04:18 Tim Strifler: So all you do is you open up Photoshop, go to file, and then you go to scripts, and then select image processor, and from there the first step is choose the folder. So, if it’s in your downloads folder, your desktop folder, then you choose that. And then the second thing is you choose the destination where you want them to save to. I usually put it in the same folder and it will automatically create a folder within that folder so that you know which ones are the resized ones. And then you choose the file type and then put in the dimensions, 1920 x 1000, 1920 x 1080, whatever it is.
04:36 Tim Strifler: You can also optionally add a action, so if you run action and say you wanted to make them all black and white, for example, or you could use one of the default Photoshop actions to make them all black and white, or use a custom action like David was talking about. But this is a quick way to resize a bunch of photos using an image processor. I’ve never done the way that David described. They both work. With a lot of things in the web design development world, there’s many ways to skin a cat, and so, yeah, you can figure out which way is best for you.
05:28 Tim Strifler: So that’s the way I do it within Photoshop. That’s my default way of doing it when I have a lot of photos. But we wanted to share one freeware because not everyone has Photoshop, and a freeware is using bulkresizephotos.com. It basically allows you to drag folders and set the dimensions and then it will resize the photos for you online for free. So that might be a good thing.

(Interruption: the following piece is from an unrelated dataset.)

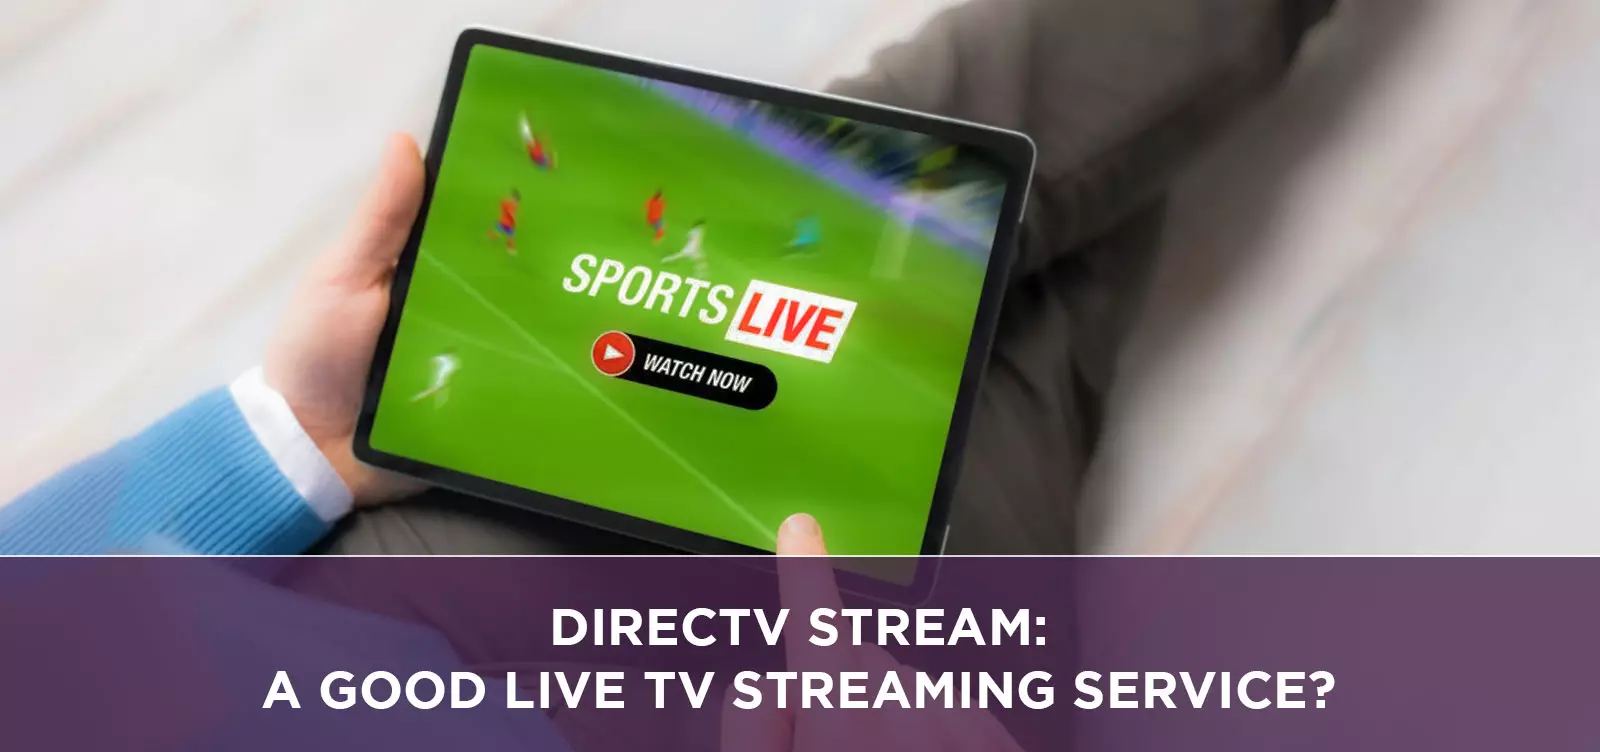 DIRECTV STREAM: A Good Live TV Streaming Service?

05:53 Tim Strifler: And then the second … or I guess the third method we wanted to talk about to bulk resize photos is using WP Smush. WP Smush is our favorite plug-in for compressing images, making them smaller, and it will do that. It will make your images compress without losing quality, but it also has the ability to resize them as well. So, like the situation I talked about, your client gives you a folder for a gallery of the website that you’re building for them and all the photos are from a DSLR or whatever nice camera, and they’re very large and haven’t been resized down. Or you can upload directly to the media library and as long as you have the settings configured in Smush beforehand, you can turn on the resize my full size images, it’s a setting within WP Smush Pro, and then you set the max width, the max height, and it will make sure that it automatically not just compresses the image to make them smaller, but also makes them physically smaller in terms of the width and height, too.
06:53 Tim Strifler: So that can be a really cool thing. What I love about that as well as WP Smush in general, is once you’ve set it up, it’s set it and forget it. It will automatically do that in the background without you thinking about it. And so, you know I’m never going to need photos above 1920 pixels wide, then you can just set that on the site and anytime you upload photos or if you have multiple users, it will do that automatically without you having to think about it. So that’s why I love that solution.
07:20 David Blackmon: Well, there’s three ways to bulk resize photos. We hope this has been beneficial and helpful. We would love to hear how you bulk resize photos. Head on over to wpgears.com, check out episode 488 and leave us a comment. Give us some of the other options that work well for you. We’d love to hear it.
07:41 David Blackmon: Tomorrow we’ve got another great topic. Episode 489, why you should rebrand the back-end of WordPress. Tim?
07:49 David Blackmon: Until tomorrow, we’ll see you then.
07:51 Tim Strifler: Take care. Bye-bye.